Est-ce que mes propres conseils m’ont servi ?
Est-ce que j’ai eu une préparation efficace ?
Ai-je eu l’accouchement physiologique que je désirai ?

Les réponses sont oui. OUI. OUI !

Voici le récit de mon accouchement :

La semaine débute, nous sommes lundi 7 juillet, je suis à 25 jours de la date présumée d’accouchement. Je me sens différente.
Je sais que l’heure de la rencontre approche. 
J’ai de plus en plus de contractions, bien que bénignes.

Le mardi 8 juillet, j’ai ma dernière prise de sang à faire.
La journée passe, toujours avec des contractions superficielles et peu nombreuses.
Néanmoins, je sens que mon corps travaille, mes hanches et mes reins me tiraillent.
Ces signes annonciateurs me donnent envie de faire des exercices sur le ballon et d’autres étirements appris lors de mes précédentes grossesses ainsi que lors d’un cours de yoga.

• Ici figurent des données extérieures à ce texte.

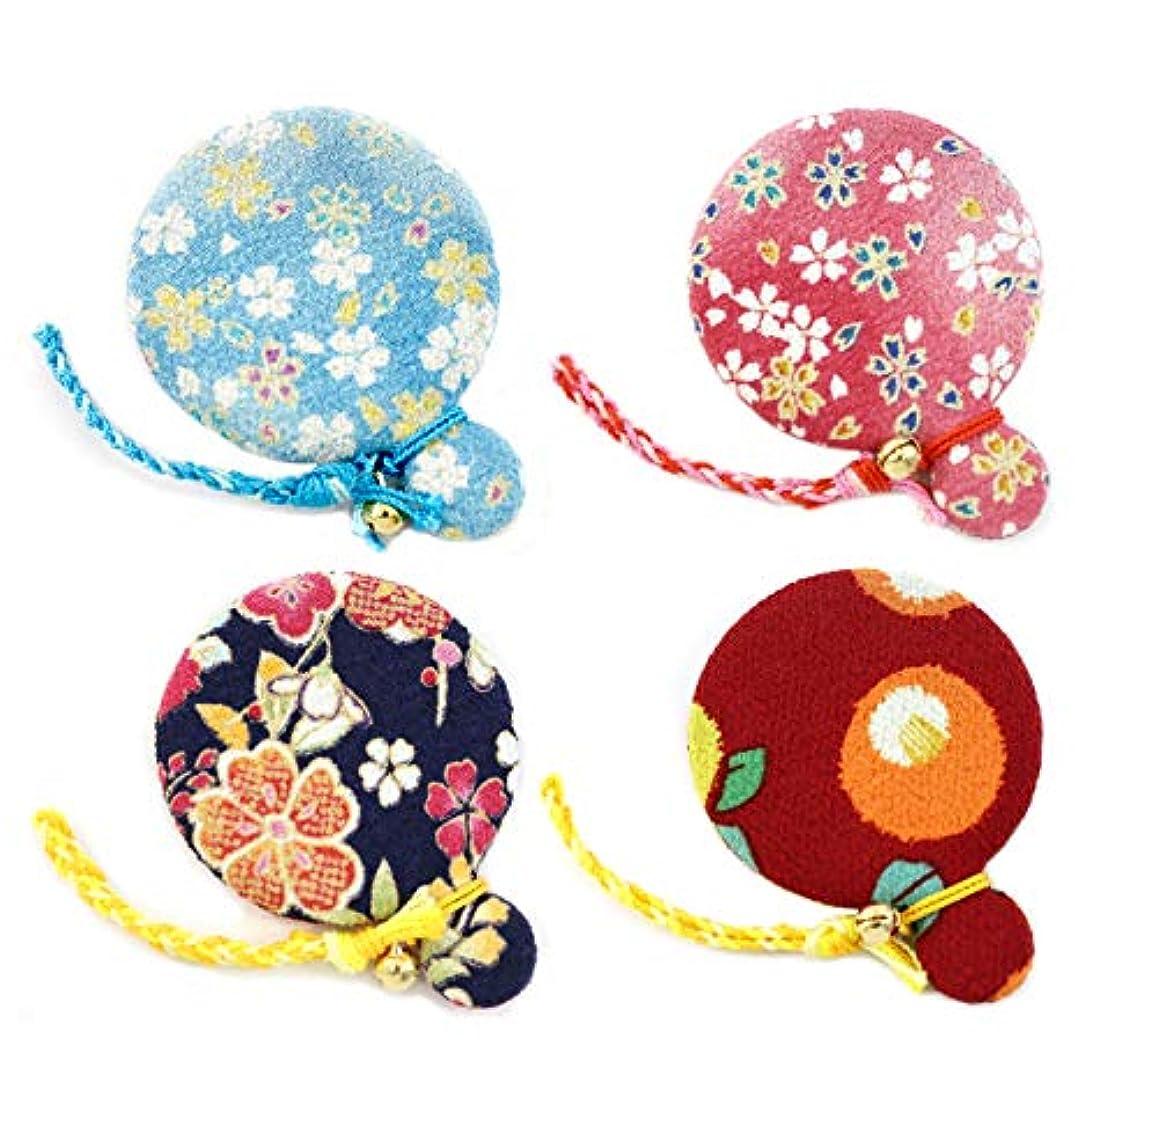 ZOON(ズーン) 花ちりめん コンパクトミラー お得なセット4(4個入) 和柄 着物 ちりめん 生地 布製 まる鏡 日本製 お土産 セット4(空色、薄紅、紺、赤椿)
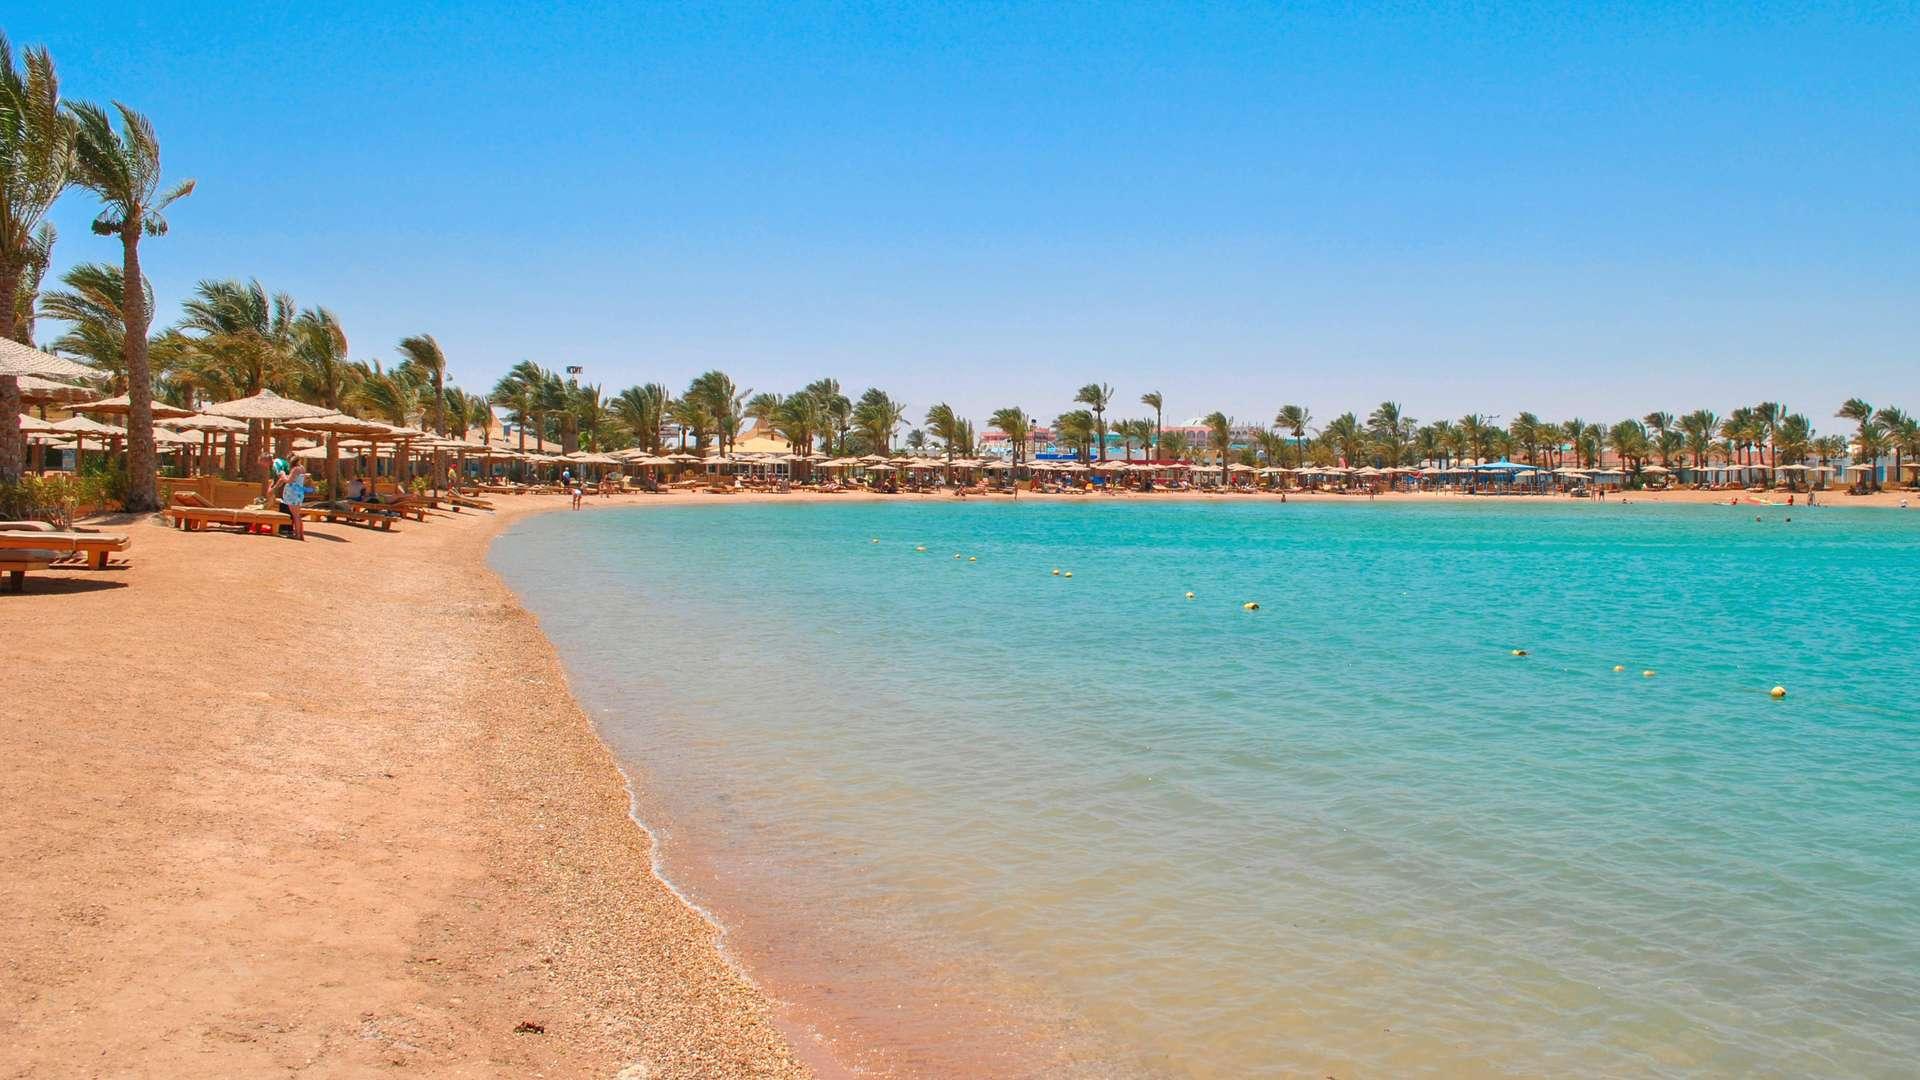 Egypt Resorts Hotels 2021 2022 The Best Luxury Resorts In Egypt

Le mercredi 9 juillet, j’ai du travail sur ordinateur à terminer mais la position assise m’est vraiment inconfortable.
J’ai envie d’être debout, de marcher…
Mon ours m’observe du coin de l’œil et me fait remarquer que l’arrivée du bébé n’est qu’une question d’heures.

Pendant la nuit, je me réveille à 1h du matin avec des contractions. De douces contractions qui me tiennent en éveil.
Je me sens joyeuse et je n’ai plus très envie de dormir.
Finalement, le sommeil revient vers 4h du matin.
Je me réveille et les contractions sont toujours là, mais irrégulières.

Nous sommes le jeudi 10 juillet et ce jour là, c’est le départ du Tour de France dans notre ville.
Afin de se sentir zen si le départ en maternité doit se faire, on décide d’appeler MamieCotte pour qu’elle vienne chercher les trois loupiots. Ils sont euphoriques !

Je prends le temps d’une douche chaude, de me coiffer, me maquiller un peu, puis de finir la valise.
Je porte ma robe longue grise dans laquelle je me sens jolie et à l’aise.

Les enfants partiront vers 10H et nous restons à deux dans notre Terrier, tel un jeune couple attendant leur premier enfant.

J’alterne entre les postures sur le ballon et un peu de sophro sur le canapé quand je me sens fatiguée.

Midi arrive rapidement et les contractions deviennent douloureuses.
Jusque là, j’arrivais à être mobile lorsque la gêne montait, mais à présent, leur intensité me fige, et je dois prendre des positions qui étirent mon dos. L’Ours me masse le bas du dos – c’est apaisant.
On décide de calculer le temps entre chaque : elles sont espacées de 3 à 4 minutes.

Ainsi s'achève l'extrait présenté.